Security Considerations

Secrets Management

Use external secrets operators for sensitive data:

# external-secret.yaml
apiVersion: external-secrets.io/v1beta1
kind: ExternalSecret
metadata:
  name: clickhouse-credentials
  namespace: analytics
spec:
  refreshInterval: 1h
  secretStoreRef:
    name: aws-secrets-manager
    kind: ClusterSecretStore
  target:
    name: clickhouse-credentials
  data:
    - secretKey: admin-password
      remoteRef:
        key: analytics/clickhouse
        property: admin-password

Pod Security Standards

securityContext:
  runAsNonRoot: true
  runAsUser: 101
  fsGroup: 101
  seccompProfile:
    type: RuntimeDefault
containerSecurityContext:
  allowPrivilegeEscalation: false
  readOnlyRootFilesystem: true
  capabilities:
    drop:
      - ALL

Upgrade Strategies

Rolling Updates

Configure safe rolling updates:

strategy:
  type: RollingUpdate
  rollingUpdate:
    maxSurge: 1
    maxUnavailable: 0

Blue-Green Deployments

For major version upgrades, consider blue-green deployments:

  1. Deploy new version alongside existing
  2. Run both versions with traffic splitting
  3. Validate data consistency and performance
  4. Switch traffic to new version
  5. Keep old version for quick rollback

ClickHouse Operator Upgrades

The Altinity Operator now uses SYSTEM SHUTDOWN instead of pod recreation when applying configuration changes, significantly speeding up updates on nodes with large volumes.

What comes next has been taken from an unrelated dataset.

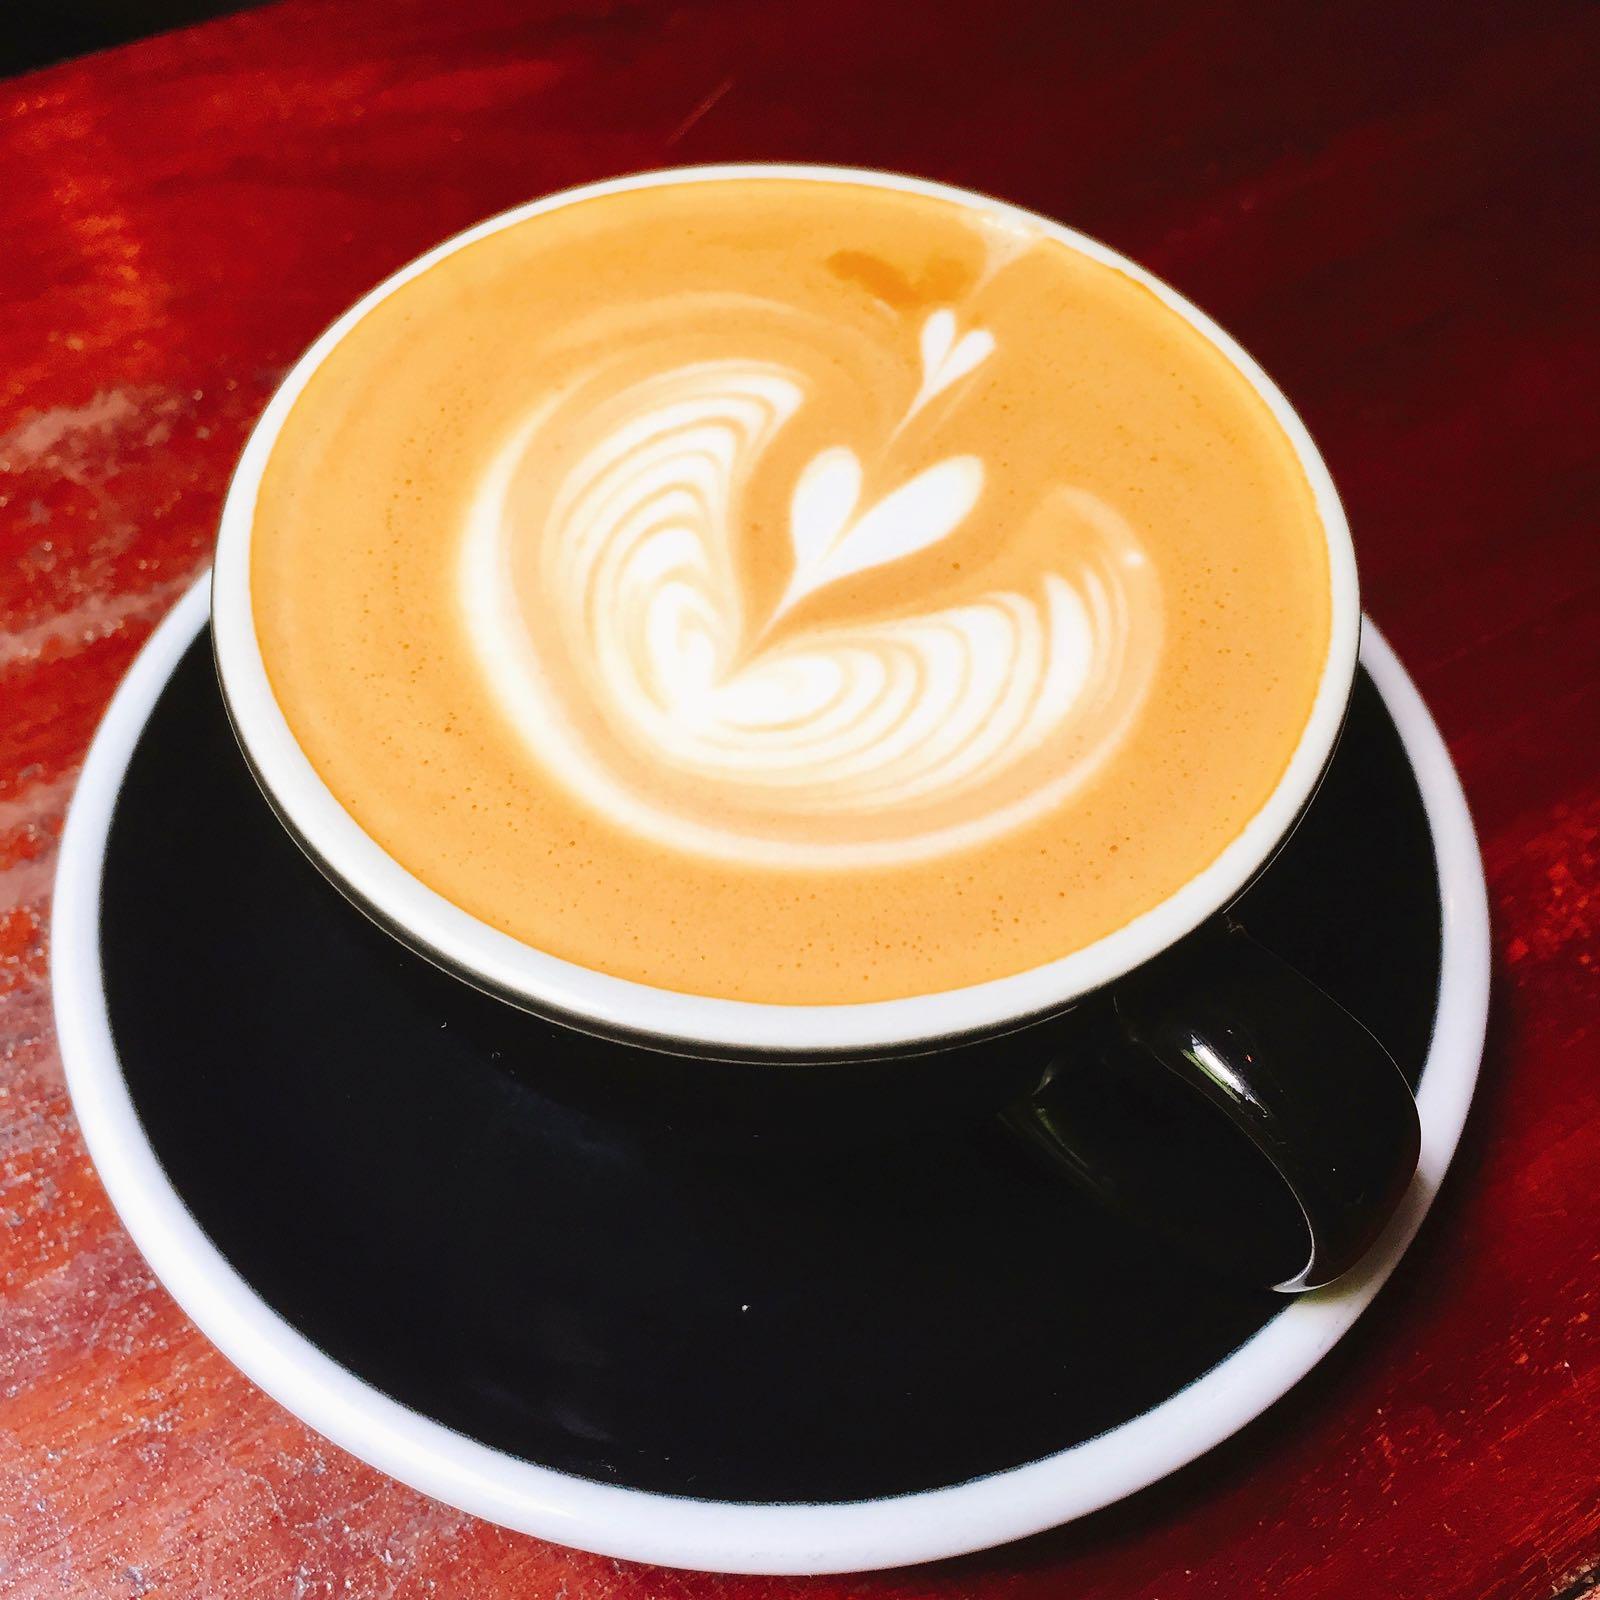 Coffee at VCR Cafe Kuala Lumpur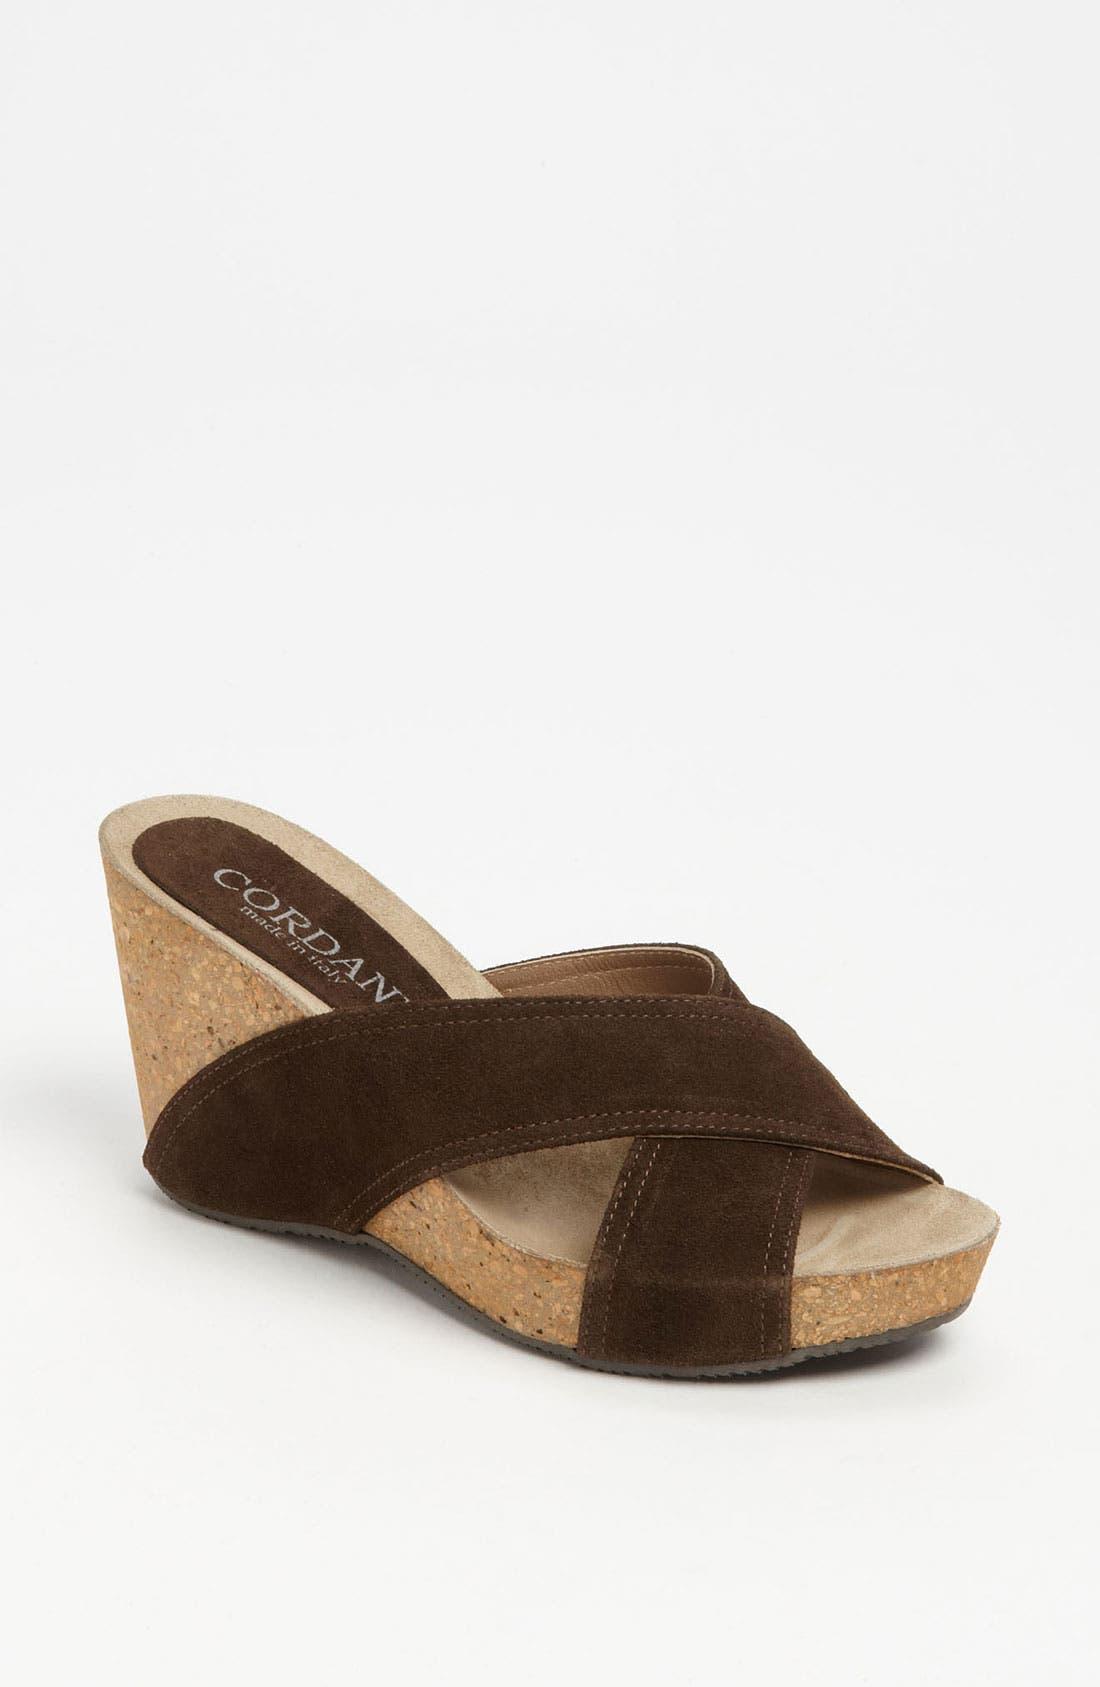 Alternate Image 1 Selected - Cordani 'Adriana' Sandal

Troubleshooting Common Issues

Pod Evictions

If pods are being evicted:

  • Check resource limits and requests
  • Review node resource pressure with kubectl describe node
  • Consider using priority classes
  • Check for memory leaks in long-running queries

Storage Performance

If queries are slow:

  • Verify storage class IOPS limits
  • Check for throttling on cloud provider
  • Monitor disk utilization metrics
  • Consider using local NVMe storage for ClickHouse

Network Timeouts

For connection issues:

  • Verify network policies allow required traffic
  • Check service mesh sidecar logs
  • Review DNS resolution with CoreDNS
  • Ensure ClickHouse Keeper/ZooKeeper is healthy

ClickHouse CrashLoopBackOff

If ClickHouse pods fail to start:

  • Check configuration templates for syntax errors
  • Verify backward compatibility when upgrading versions
  • Change the entrypoint to debug: modify pod to use sleep infinity to access the container
  • Review Altinity's troubleshooting guide for specific error messages

Cost Optimization

Right-sizing Resources

  • Use Vertical Pod Autoscaler (VPA) in recommendation mode to identify optimal resource requests
  • Implement KEDA scale-to-zero for development environments
  • Use spot/preemptible instances for non-critical workloads

Storage Tiering

ClickHouse supports tiered storage — use cold storage for historical data:

<storage_configuration>
  <disks>
    <hot>
      <path>/var/lib/clickhouse/hot/</path>
    </hot>
    <cold>
      <type>s3</type>
      <endpoint>https://s3.amazonaws.com/bucket/</endpoint>
    </cold>
  </disks>
  <policies>
    <tiered>
      <volumes>
        <hot><disk>hot</disk></hot>
        <cold><disk>cold</disk></cold>
      </volumes>
      <move_factor>0.1</move_factor>
    </tiered>
  </policies>
</storage_configuration>

Next Steps

Successfully running analytics on Kubernetes requires ongoing attention:

  1. Start with the official Helm charts and customize incrementally
  2. Implement comprehensive monitoring before going to production
  3. Document runbooks for common operational tasks
  4. Practice disaster recovery procedures regularly
  5. Stay updated with upstream releases and security patches
  6. Consider managed services (Altinity.Cloud, ClickHouse Cloud) if operational burden is too high

Additional Resources

Kubernetes provides a powerful foundation for scalable analytics infrastructure, but it requires investment in operational expertise to realize its full potential.